By Senad Karaahmetovic
CVS Health Corp (NYSE:) reported better-than-expected Q3 results and raised its full-year forecast.
CVS posted a Q3 of $2.09 on revenue of $81.16 billion, beating the consensus of $2.00 on revenue of $76.76 billion. Revenue rose 10% year-over-year, driven by the 11% jump in Pharmacy Services revenue.
“We delivered another outstanding quarter, and have raised full-year guidance as a result.
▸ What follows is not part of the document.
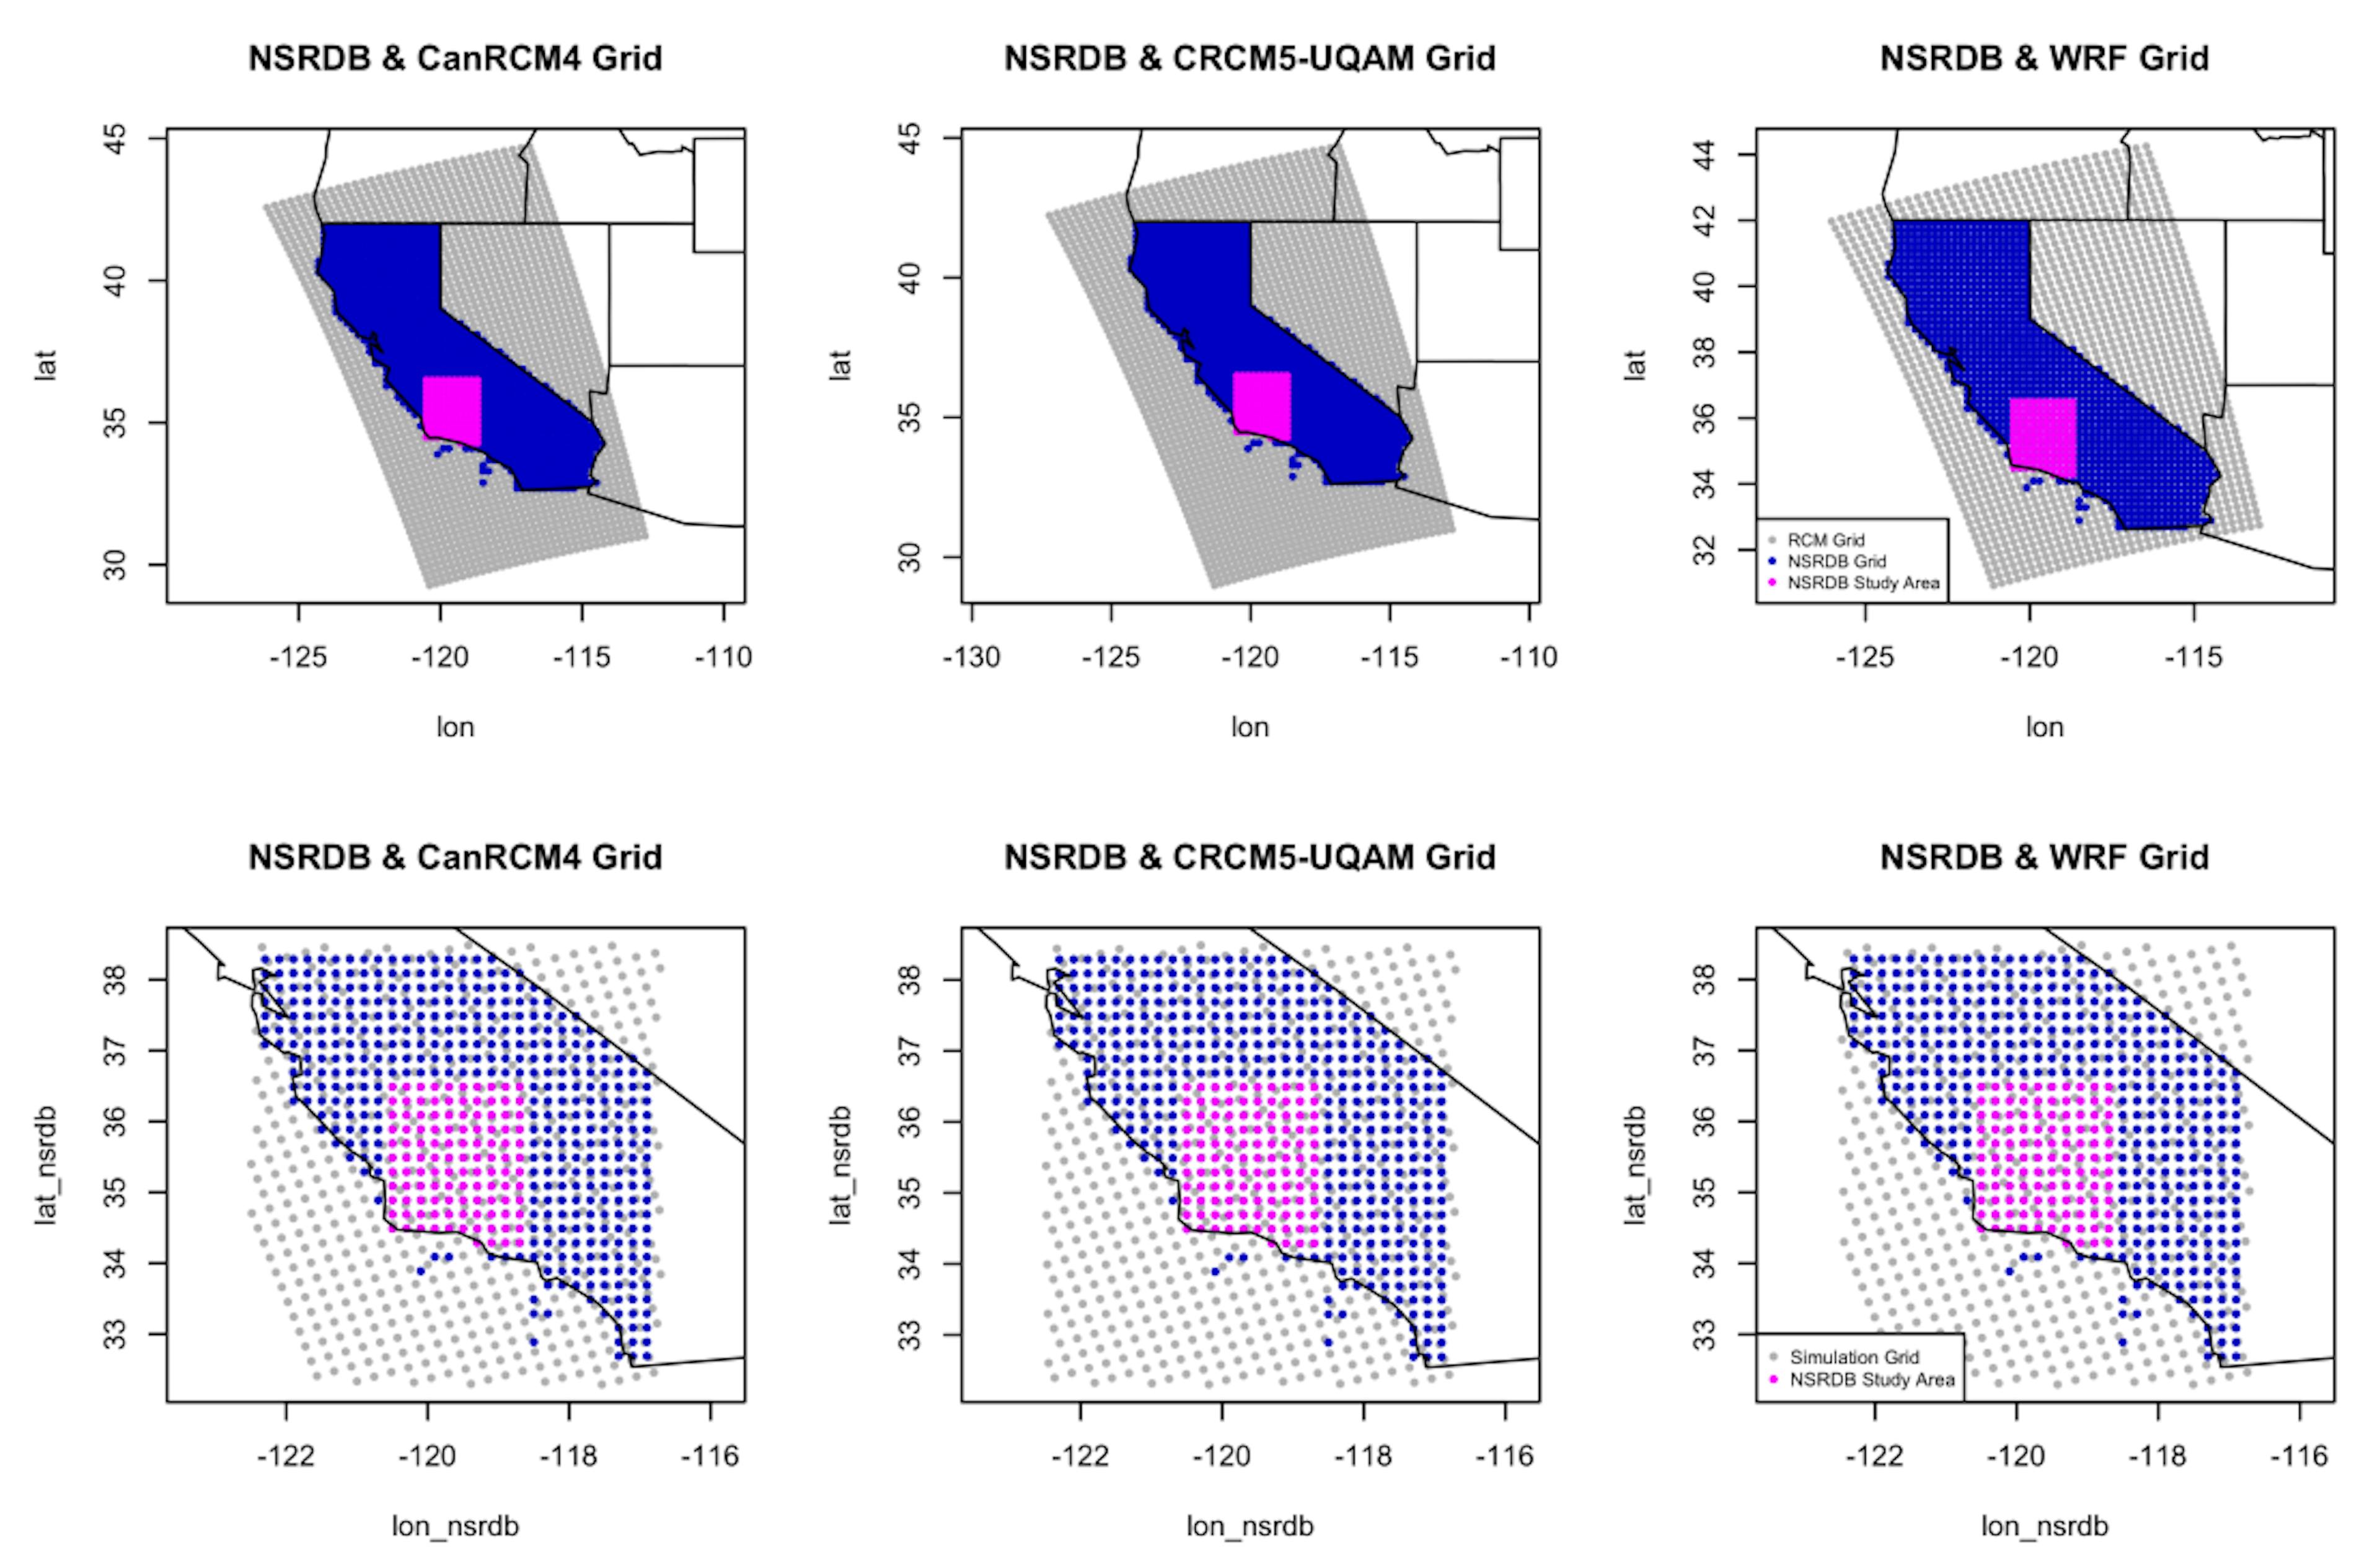 Figure A1. Top: original RCM grid for the three RCMs used in the regridding study plotted with NSRDB grid in blue. Magenta points represent the study area from the regridding study in the main text. Bottom: subsetted grids used in the simulation study.

We continue to execute on our strategy with a focus on expanding capabilities in health care delivery, and the announced acquisition of Signify Health will further strengthen our engagement with consumers,” said Karen Lynch, CVS Health President, and CEO.
CVS increased its FY EPS forecast to a range of $8.55-$8.65 from the prior $8.40-8.60, while also topping the consensus of $8.55. The cash flow from operations is now seen at $14 billion (the midpoint), up from the prior $13 billion forecast and again higher than the $13.1 billion consensus.
CVS also announced it reached a $5 billion opioid settlement that will be paid over the next ten years beginning in 2023.
Goldman Sachs analysts commented:
“We would also note that PYD/NII (not in guidance) have typically proven favorable and 2023 could reflect investments the company is making to improve its 2024 Star scores. We also look for management to provide additional details on the potential earnings impact from the 2023 Star scores headwind and CNC PBM contract loss in 2024,”
CVS shares are up 1.5% in pre-market Wednesday.